Poilievre's threat to topple the Trudeau government comes as the federal carbon tax is set to rise 23% on April 1.

“Today I am announcing that I'm giving Trudeau one last chance to spike his hike, one last chance, and only one more day,” the Conservative leader told to the party's national caucus in Ottawa.

“If Trudeau does not declare, today, an end to his forthcoming tax increases on food, gas and heat,” Poilievre said the Conservatives “will introduce a motion of non-confidence in the prime minister.”

Poilievre said people are struggling to “eat, heat and house themselves,” and called for an election to be held so Canadians “can vote in a carbon tax election.”

The motion is likely to fail, however, given the Liberals' minority government is propped up by an agreement with the New Democrats, who are also strong supporters of the carbon tax.

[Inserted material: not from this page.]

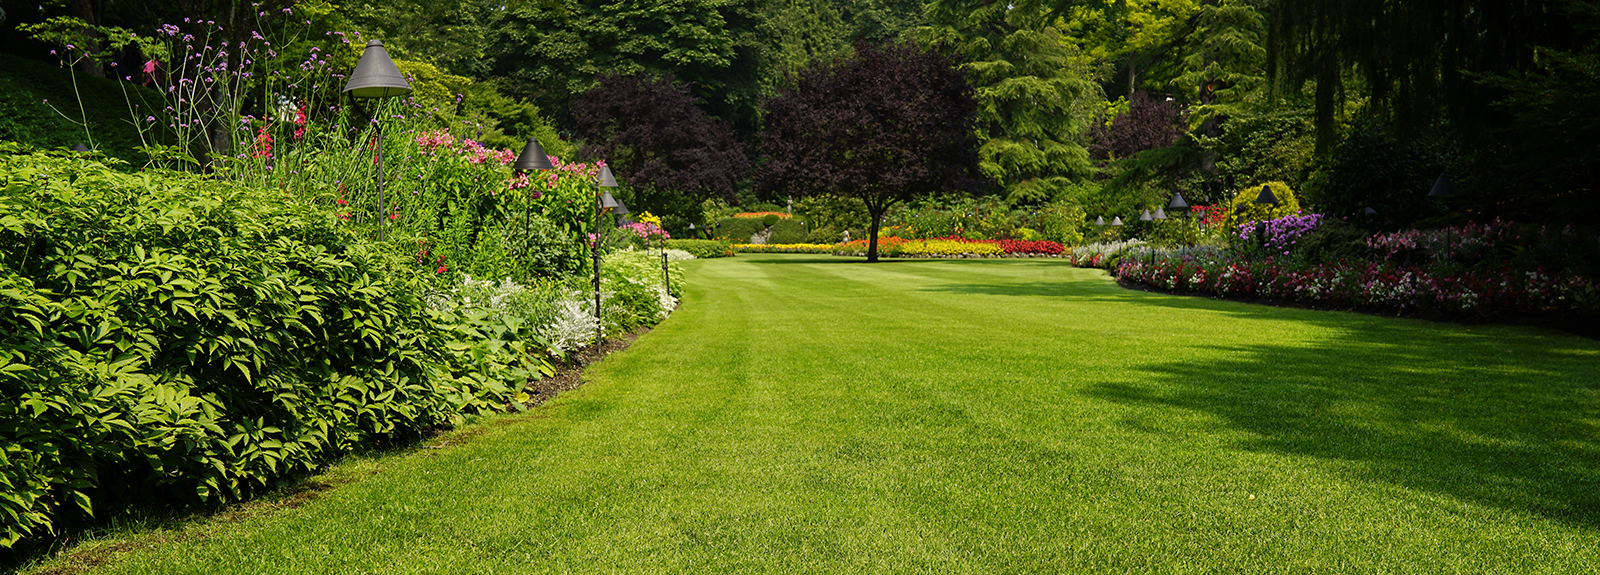 6-Awesome-Facts-About-Lawns

The carbon scheme will see the tax rise from where it currently sits — $65 per tonne — on April 1 before eventually rising to $170 per tonne by 2030, an increase that even the state broadcaster acknowledges will add nearly 40 cents per litre to the price of gas.

The carbon tax was a contentious issue during Canada's 2019 federal election, when then-environment minister Catherine McKenna said the Liberals' price per tonne would not increase after a 2022's rise to $50 per tonne.

“The plan is not to increase the price post-2022,” McKenna definitively said in 2019, as reported by the National Post. Serving as a Conservative MP at the time, Poilievre fired back at McKenna. 

“She admitted that if re-elected the carbon tax would go much higher than Liberals previously said,” Poilievre responded, per CTV News.

Ultimately, the Liberals did increase the tax in efforts to comply with the goals laid in the United Nations Framework Convention on Climate Change, which the organization itself describes as “lofty but specific.”

Ahead of the April 1 increase, premiers from across Canada have spoken out about the harm this will cause. Last week, several premiers, including the Liberal premier of Newfoundland and Labrador, Andrew Furey, called on Trudeau to pause the carbon tax hike.

 “After years of increasing living costs, there is a need to fully grasp and address the magnitude inflation's effects on citizens, particularly those most in need,” Furey wrote to Trudeau.